Grand Seiko GMT 10th Anniversary

For most Americans who know Seiko, the name evokes affordably priced, mass produced, durable quartz watches in an enormous variety of designs –but, surely, not something a Haute Time regular would find exciting.  But there’s another side to Seiko.  It’s been in business continuously since Kintaro Hattori started the company in 1881, and in that time they’ve given the Swiss a run for their money, to put it mildly.  The very first quartz watch was a Seiko –on Christmas in 1969, they released the quartz Astron, which at the time cost as much as a new car –and Seiko was also one of the first companies to create a self-winding chronograph, in the same year.  Today, Seiko, under the Credor brand name, manufactures a number of beautiful, exotic, and extremely costly watches (the Credor Minute Repeater and Credor Sonnerie are both built in only a few examples a year) and the Grand Seiko mechanical watches are, among watch enthusiasts, some of the most highly respected watches made anywhere, at any price.  Seiko’s enormous resources allow it to create all components for its watches in-house, including the all important escapement components that regulate the accuracy of a watch –making the Grand Seiko watches some of the most accurate mechanical watches in the world as well, routinely exceeding Swiss COSC (the office for certifying chronometers) standards.

Grand Seiko watches were for many years unavailable in the United States but last year, Seiko began introducing them to the US through a few key retailers –much to the delight of American watch enthusiasts.  At this year’s BaselWorld Seiko debuted a new version of one of the most popular Grand Seiko models, the Grand Seiko GMT.  The new model is a limited edition celebrating the 10th anniversary of the Grand Seiko GMT, and it’s a stunner –a deep blue dial sets off the gold GMT hand gorgeously, and the oscillating weight for the automatic winding system is constructed of blued titanium, which in addition to its lovely color also offers some shock resistance advantages as well; titanium’s flexibility and low mass reduces the transmission of shock from the rotor to the movement if the watch is dropped.
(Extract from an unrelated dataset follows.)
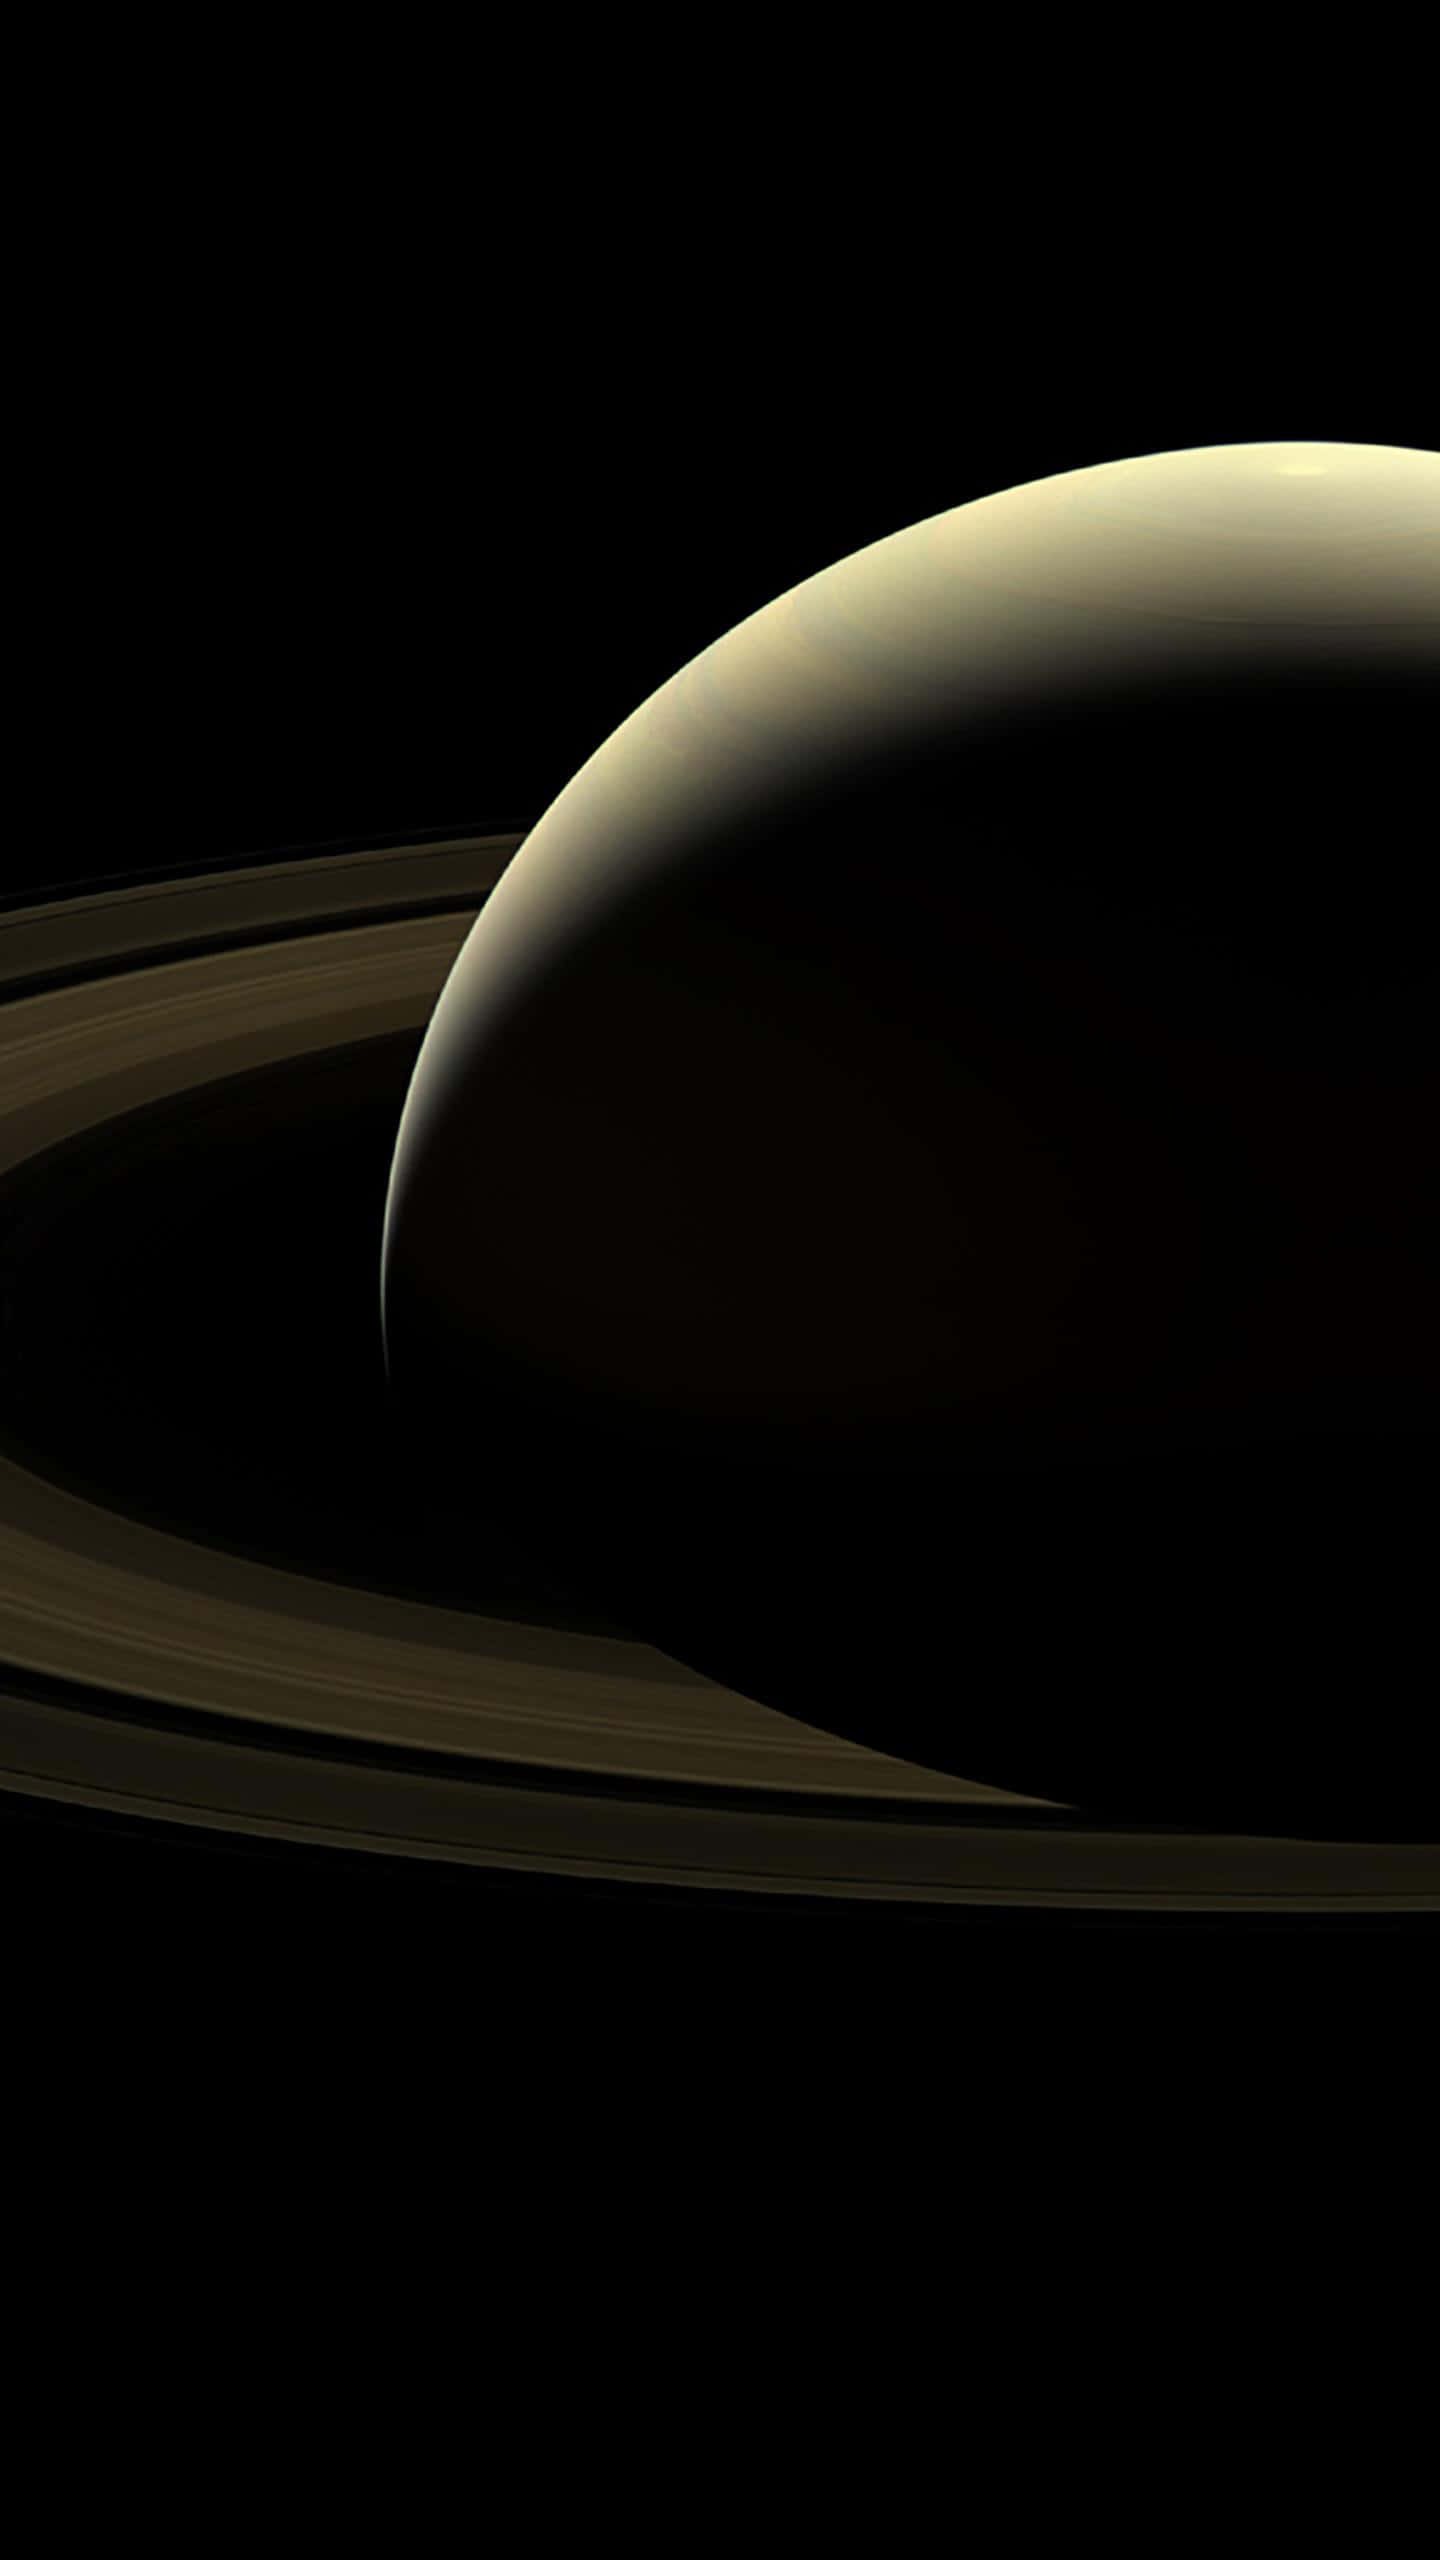 Dieringe Des Saturns Sind Auf Diesem Bild Zu Sehen.

The movement itself is the Seiko calibre 9S66, a self-winding mechanism that offers a 72 hour power reserve.  In keeping with the core Grand Seiko philosophy of making a watch that is easy to read, easy to wear, and both accurate and durable, it’s also constructed of materials which aid its resistance to magnetism, and has an antimagnetic rating of 10,000 A/m.

The essence of Grand Seiko watches is to take the most fundamental aspects of a watch and go as far as it’s possible to go in refining them.  In this respect, the Grand Seiko watches are reminiscent of another iconic Japanese object: the katana, the sword used by the samurai.  The sword, certainly, is like the watch a utilitarian object, but in the hands of Japanese master smiths (the best swordsmiths in Japan hold the title of Living National Treasure) its functionality takes on an aesthetic that could not be achieved by any other means and which is the subject of intense connoisseurship.  The Grand Seiko watches are made with the same ceaseless pursuit of refinement and perfection of the fundamentals.  Just one example of this is the slight difference in design between the Grand Seiko GMT Anniversary edition designed for a bracelet, and the one designed for a strap; the bracelet mounted version is slightly smaller in diameter, with the 24 hour track on the bezel rather than on the dial, and with a sweeping shape to the case flanks that integrates it perfectly with the bracelet; most other companies would have contented themselves with making the two versions the same.  We’re sure no Haute Time reader would want to limit themselves to only one watch, but if you did decide you had a taste for that sort of horological purism, the Grand Seiko GMT is a watch you could wear every day, for the rest of your life, with greater appreciation for its integrity every time you put it on.

The Grand Seiko GMT is available in stainless steel with either a steel bracelet (39.2mm) or strap (39.5mm).  $6700 with the bracelet; $6300 on the crocodile strap.